NovaGold announced its intention to sell Rock Creek and has been considering offers since October 2010. In March 2011, the company sold about 11,500 acres of Nome operations to use the proceeds towards the development of the Galore Creek and Donlin Creek projects. The company owns 50% share in both these projects. Teck Resources holds the remaining shares in Galore Creek and Barrick Gold holds 50% of the shares in Dolin Creek.
The Rock Creek and Big Hurrah deposits are underlain by bedrock consisting of several metamorphic rock sequences, known as the Nome Group, which consist of four major units. The basal unit is a complexly deformed pelitic schist, with a mixed unit consisting of mafic, pelitic, and calc schists and marble forming the next unit. The third unit is a mafic-dominated schist, and the top unit consists of impure marble.
The main Rock Creek ore body consists of two distinct mineralisation types, Albion Shear veins and Tension vein ores. The Albion veins are best described as sheared quartz vein, breccias with crushed and broken material in the shear. The Tension veins are tensional quartz veins next to the shear veins.
The Albion veins contain fine-grained sulphides and sulphosalts, while the Tension stockwork veins have a relatively simple mineralogy of quartz, iron carbonates, sulphides and free gold. The Albion material is a more complex ore type and drives the process scenario required at Rock Creek.
At Big Hurrah, gold occurs primarily in its native state and is found in quartz veins encased in thrust fault zones.
The major difference between the Rock Creek ores and the Big Hurrah ore is the presence of organic carbon. The Big Hurrah deposit is smaller but higher in grade.
A resource estimate for Rock Creek and Big Hurrah, completed in February 2008, has identified combined proven and probable reserves of 510,000oz of gold, with additional indicated resources of about 250,000oz and inferred resources of about 86,000oz.
As of October 2009, all three properties of the company’s Nome operations contain 0.5Moz of probable gold reserves, 1.9Moz of measured and indicated resources and 0.3Moz of inferred resources.
Rock Creek has been designed as a 7,000t/day conventional open-pit year-round operation, producing about 100,000oz of gold a year at estimated total cash costs of $467/oz.
Test work at Rock Creek showed that more than 75% of the gold is recoverable using inexpensive gravity methods.
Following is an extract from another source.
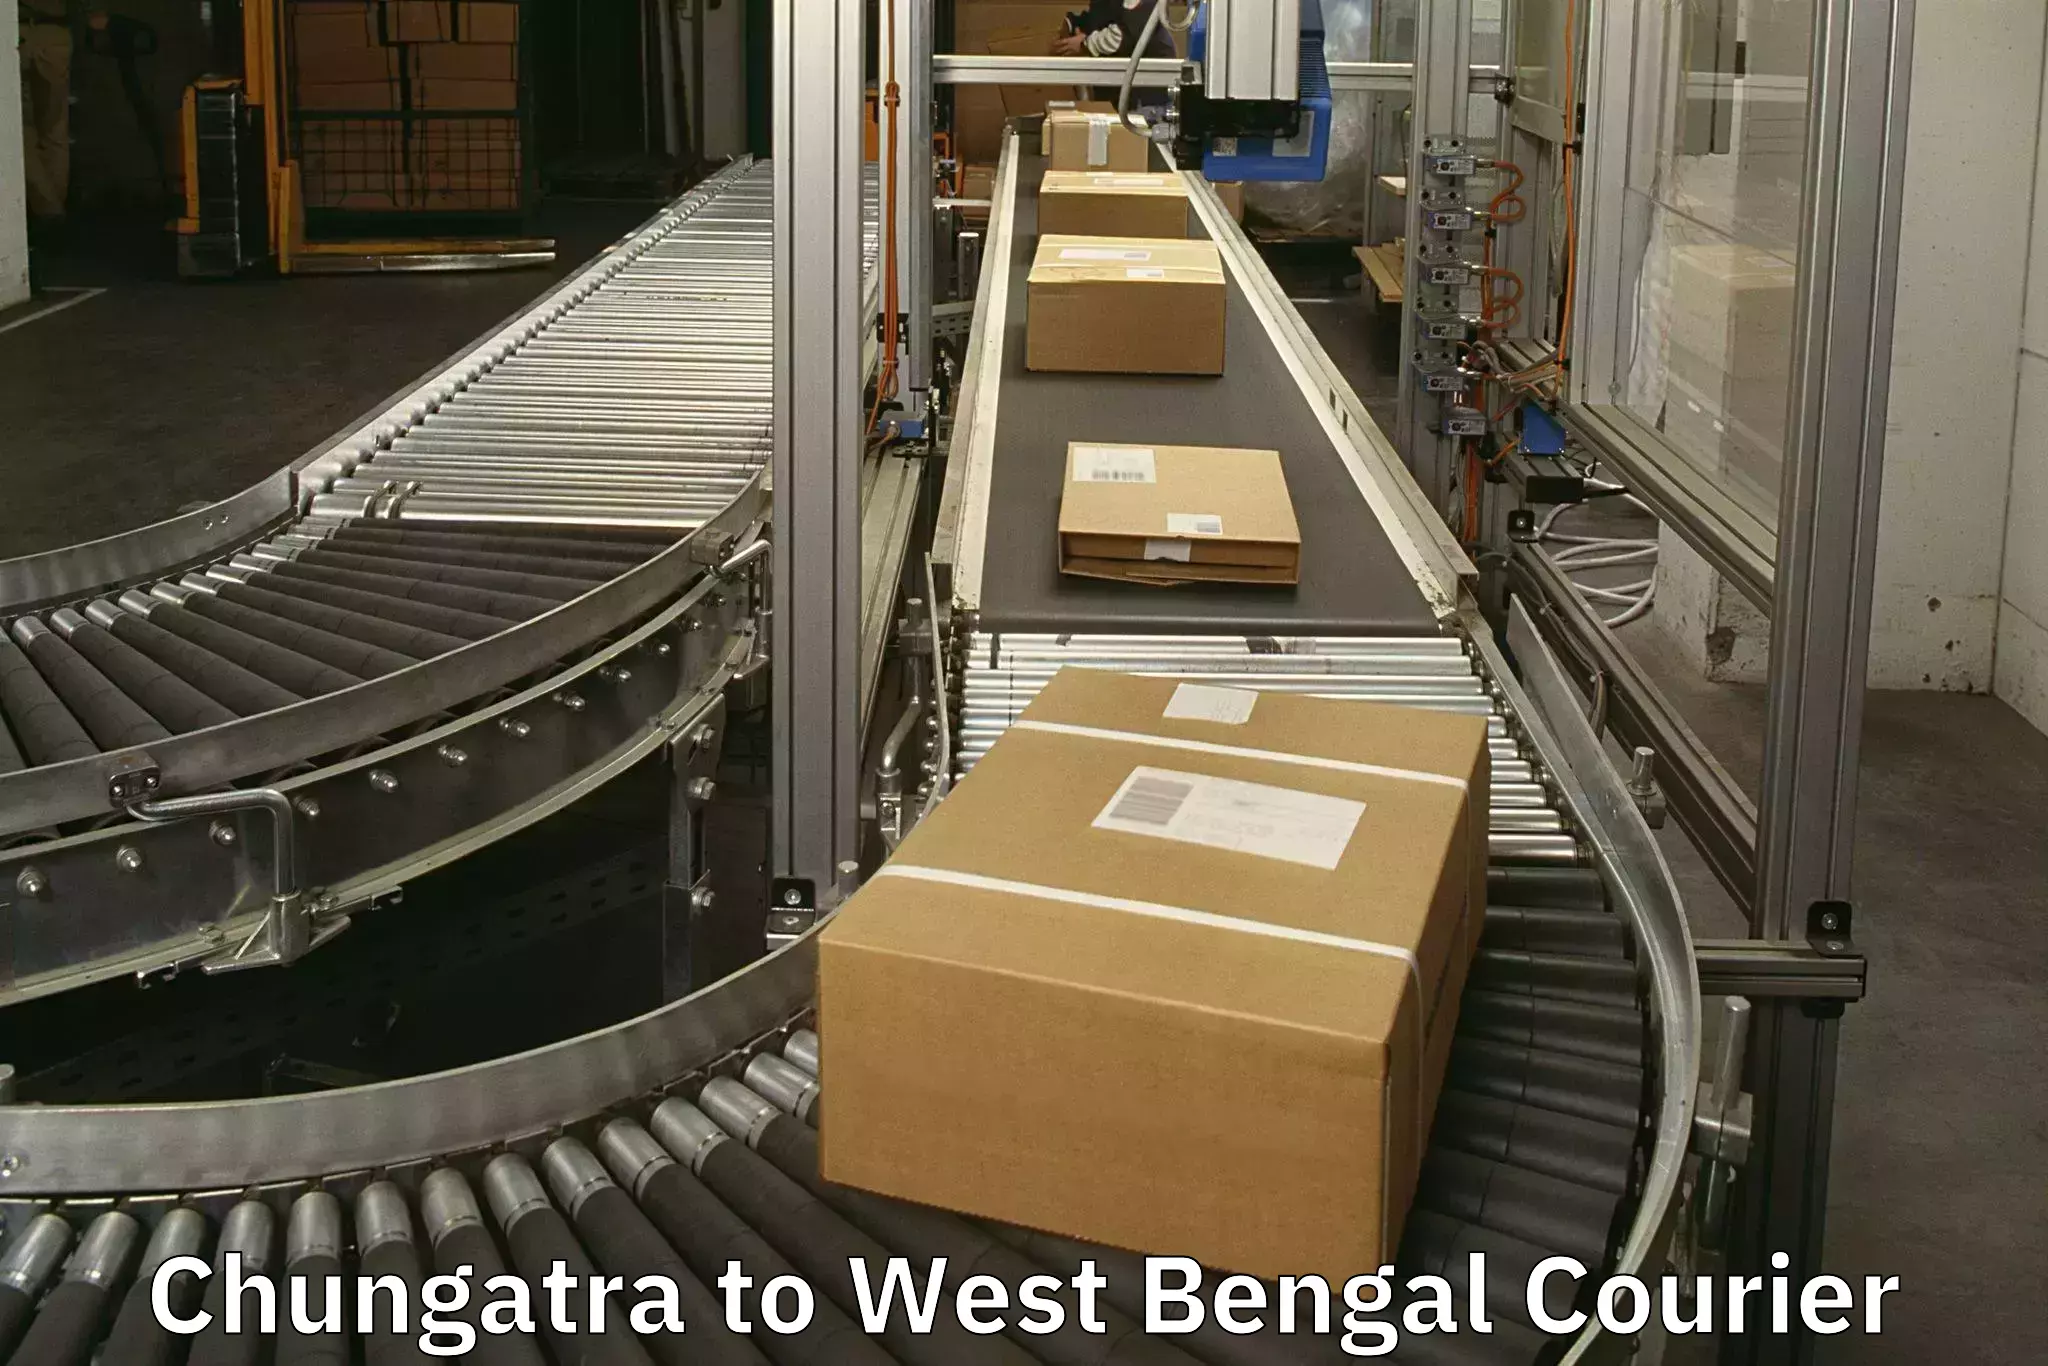 Luggage transport deals Chungatra to West Bengal

When combined with flotation and cyanidation, overall gold recovery is put at 88%, with gold doré poured onsite.
The process plant includes a gravity circuit to capture coarse gold, flotation cells to capture the finer gold associated with sulphides, and a carbon-in-leach circuit to produce the doré. After gold extraction is complete, the tailings are directed through a deep cone thickener to produce paste for placement in the tailings storage facility. Water extracted during the thickener phase is returned to the gravity circuit for reuse.
The city of Nome has provided electricity to past placer mining operations and will offer that service for future mining operations if necessary.
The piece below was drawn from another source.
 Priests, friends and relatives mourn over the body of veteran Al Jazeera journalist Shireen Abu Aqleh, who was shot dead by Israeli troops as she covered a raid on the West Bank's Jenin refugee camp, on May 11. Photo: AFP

The generating capacity is about 18MW, based on the commissioning of two new 5.2MW Wartsila generator sets by the Nome Joint Utility System. Water needs are provided by pit dewatering and surface run-off captured during the freshet (spring thaw) period.
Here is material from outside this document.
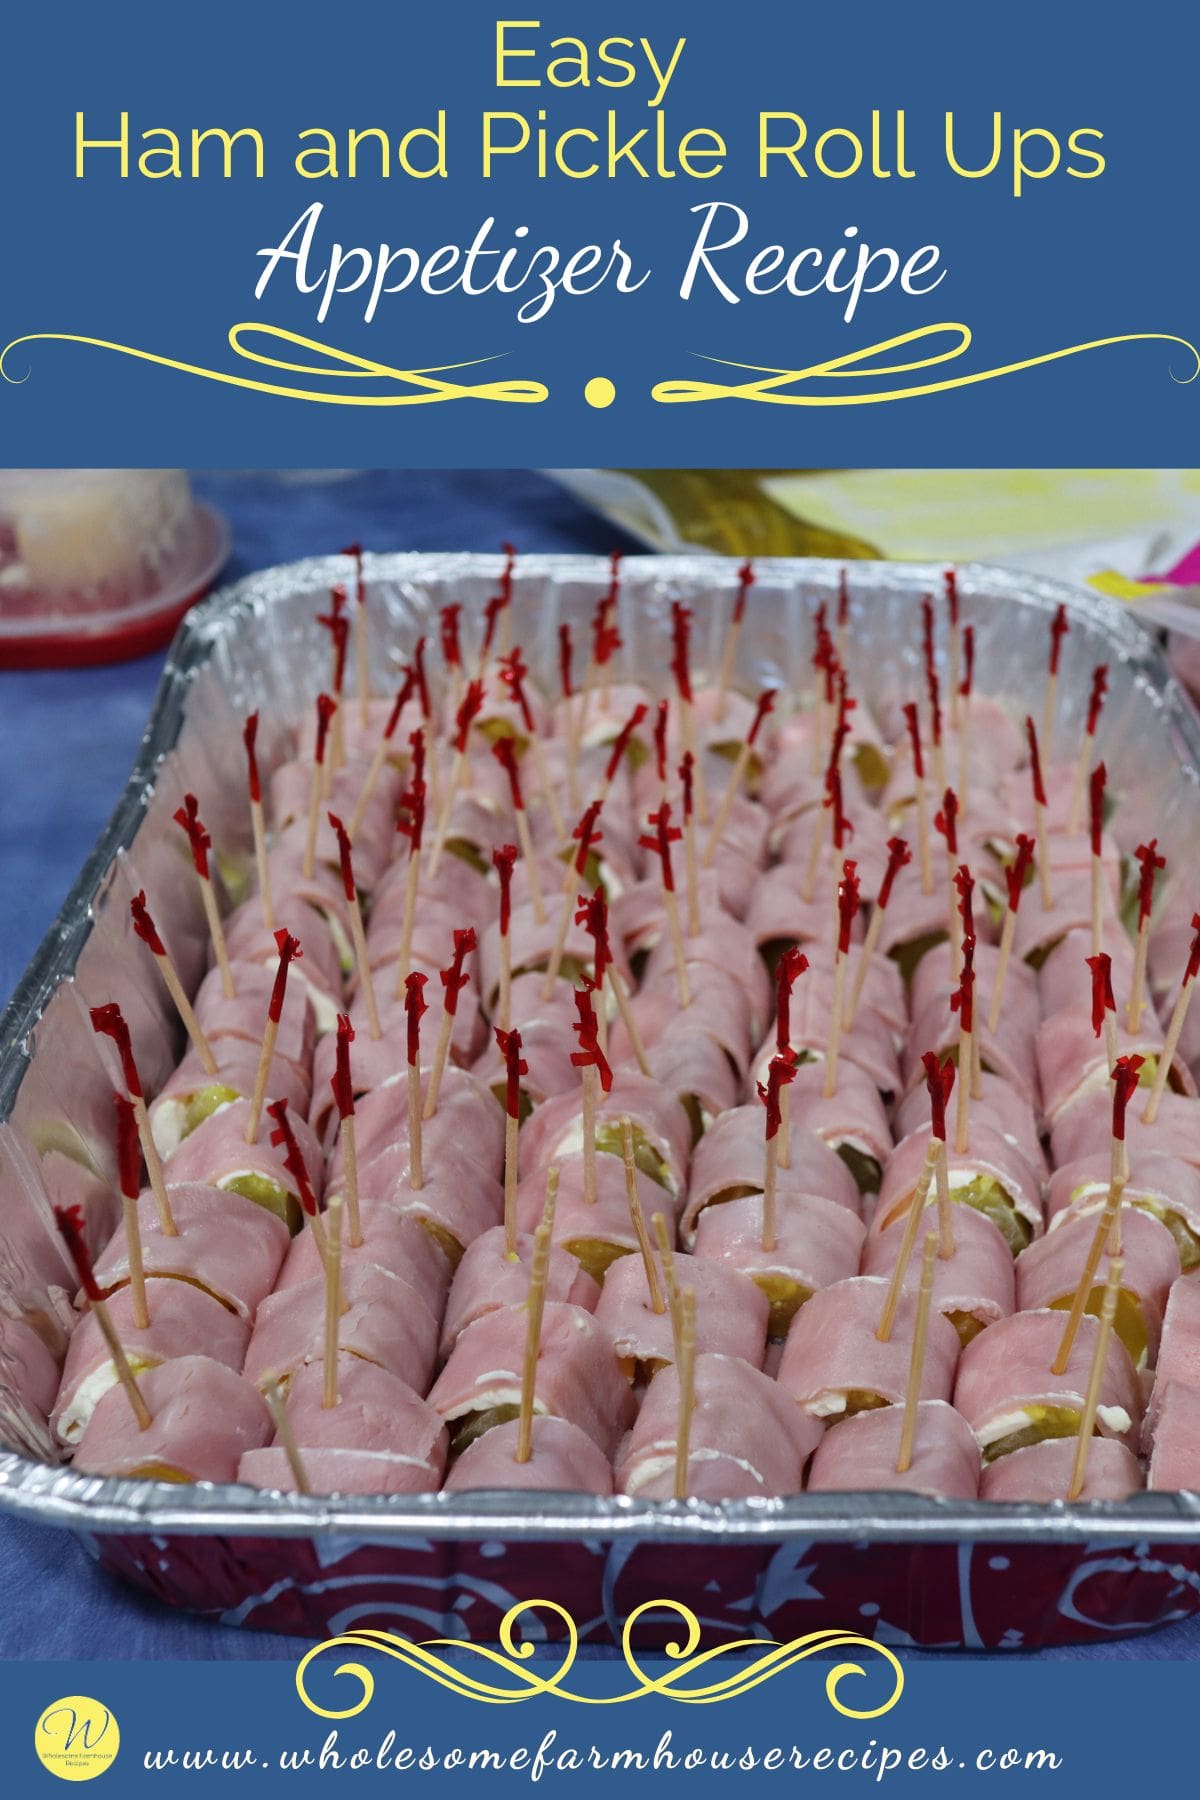 Easy Ham and Pickle Roll Ups Appetizer Recipe

Camp facilities were not needed at Rock Creek because of its close proximity to Nome. Big Hurrah is also easily accessed from Nome, via a well-maintained seasonal road.
Detailed design and engineering for the mill facility was carried out by Samuel Engineering Inc, of the US; it also provided assistance in procurement and logistics during construction. Smith Williams Consultants Inc, also of the US, provided detailed design for the tailings facility.